This approach will work now but we need to start thinking about how we
want to support multiple simultaneous btl users. Does each user call
add_procs with a single module (or set of modules) or does each user
call btl_component_init and get their own module? If we do the latter
then it might make sense to add a max_procs argument to the
btl_component_init. Keep in mind we need to change the
btl_component_init interface anyway because the threading arguments no
longer make sense in their current form.

-Nathan

On Thu, Jul 31, 2014 at 09:04:09AM -0700, Ralph Castain wrote:
> Like I said, why don't we just do the following:
> 
> > I'd like to suggest an alternative solution. A BTL can exploit whatever 
> > data it wants, but should first test if the data is available. If the data 
> > is *required*, then the BTL gracefully disqualifies itself. If the data is 
> > *desirable* for optimization, then the BTL writer (if they choose) can 
> > include an alternate path that doesn't do the optimization if the data 
> > isn't available.
> 
> Seems like this should resolve the disagreement in a way that meets 
> everyone's need. It basically is an attribute approach, but not requiring 
> modification of the BTL interface.
> 
> 
> On Jul 31, 2014, at 8:26 AM, Pritchard Jr., Howard <howa...@lanl.gov> wrote:
> 
> > Hi  George,
> > 
> > The ompi_process_info.num_procs thing that seems to have been an object
> > of some contention yesterday.
> > 
> > The ugni use of this is cloned off of the way I designed the mpich  netmod.

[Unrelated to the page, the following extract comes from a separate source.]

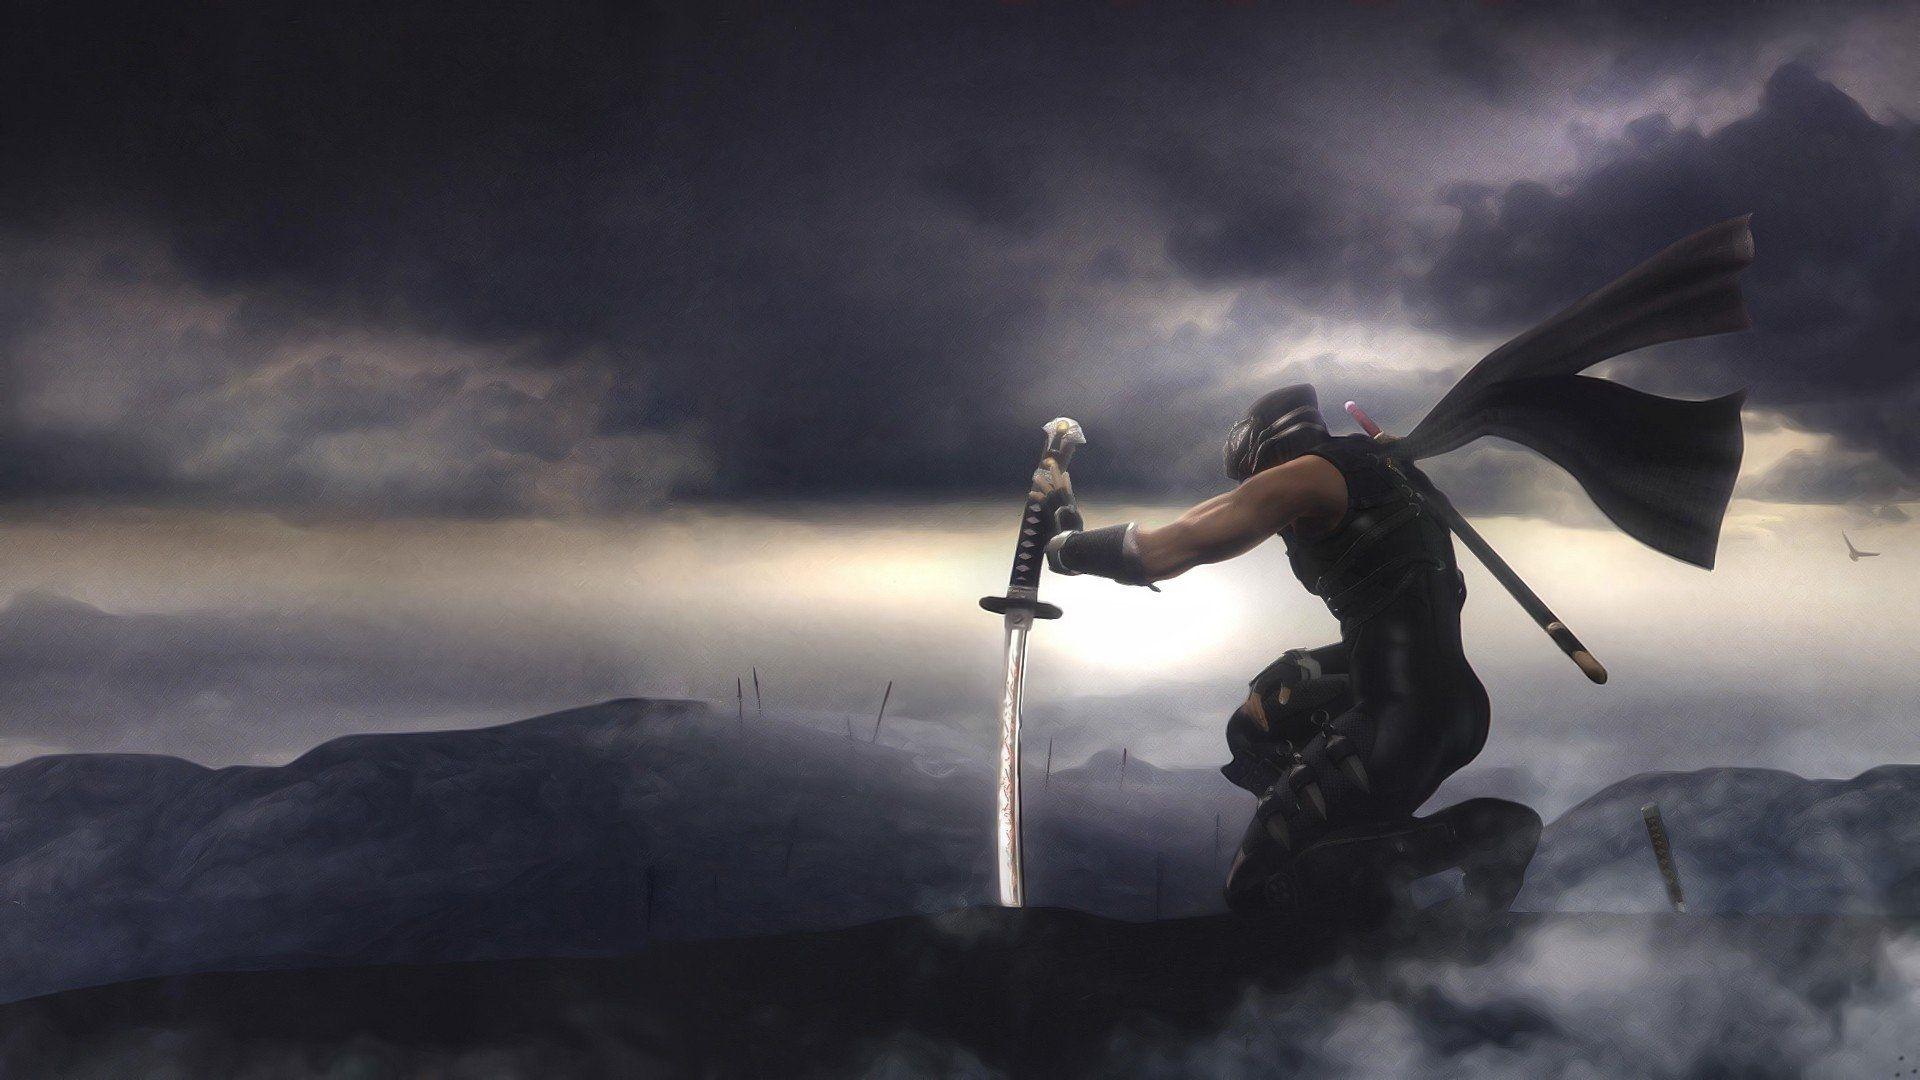 Ninja Gaiden HD Wallpaper and Background Image

> > Leveraging off size of the job was an easy way to scale the mailbox size.
> > 
> > If I'd been asked to have the netmod work in a context like it appears we
> > may want to be eventually using BTLs - not just within ompi but for other
> > things, I'd have worked with Darius (if still in mpich world) on changing 
> > the netmod initialization
> > method to allow for an optional attributes struct to be passed into the 
> > init 
> > method to give hints about how many connections may need to be established,
> > etc.  
> > 
> > For the GNI BTL - the way its currently designed - if you are only expecting
> > to use it for a limited number of connections, then you want to initialize
> > for big mailboxes (IBer's can think many large buffers posted as RX WQEs).

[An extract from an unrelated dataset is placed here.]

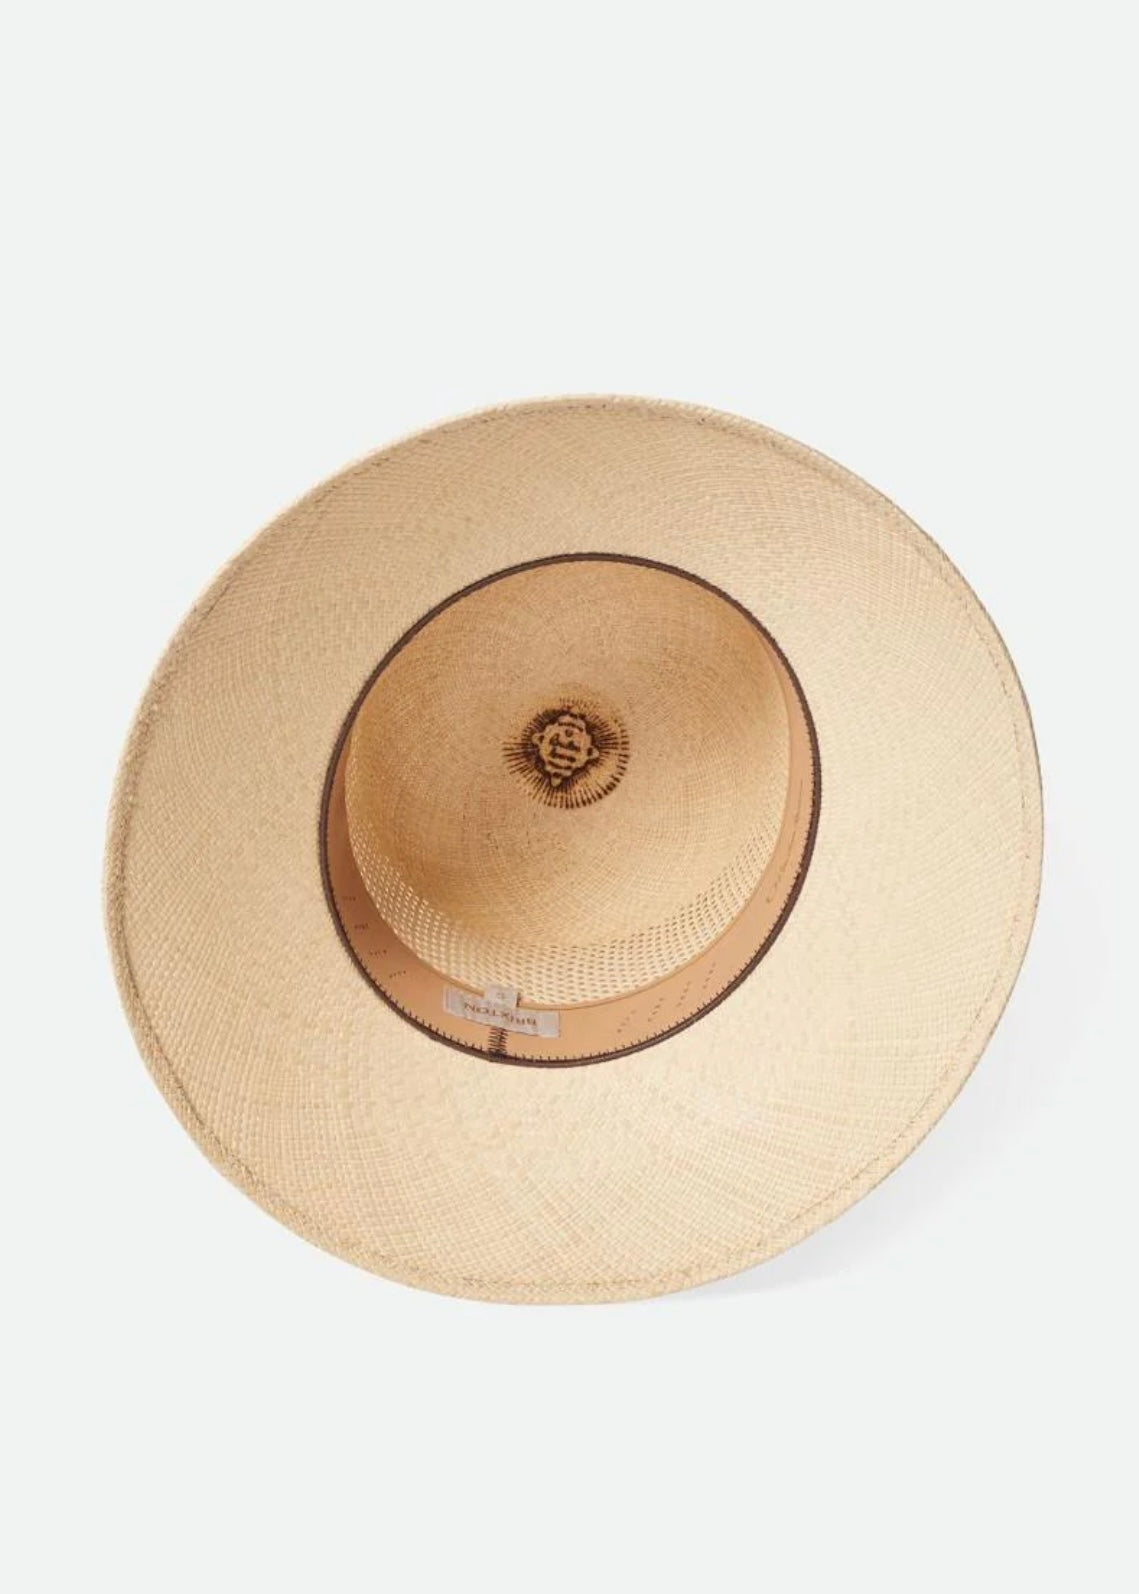 Lopez Panama Straw Hat

> > But for very large jobs, with possibly highly connected communication 
> > pattern,
> > you want very small mailboxes.
> > 
> > Howard
> > 
> > 
> > -----Original Message-----
> > From: devel [mailto:devel-boun...@open-mpi.org] On Behalf Of George Bosilca
> > Sent: Thursday, July 31, 2014 9:09 AM
> > To: Open MPI Developers
> > Subject: Re: [OMPI devel] RFC: job size info in OPAL
> > 
> > What is your definition of "global job size"?
> > 
> >  George.
> > 
> > On Jul 31, 2014, at 11:06 , Pritchard Jr., Howard <howa...@lanl.gov> wrote:
> > 
> >> Hi Folks,
> >> 
> >> I think given the way we want to use the btl's in lower levels like 
> >> opal, it is pretty disgusting for a btl to need to figure out on its 
> >> own something like a "global job size".  That's not its business.  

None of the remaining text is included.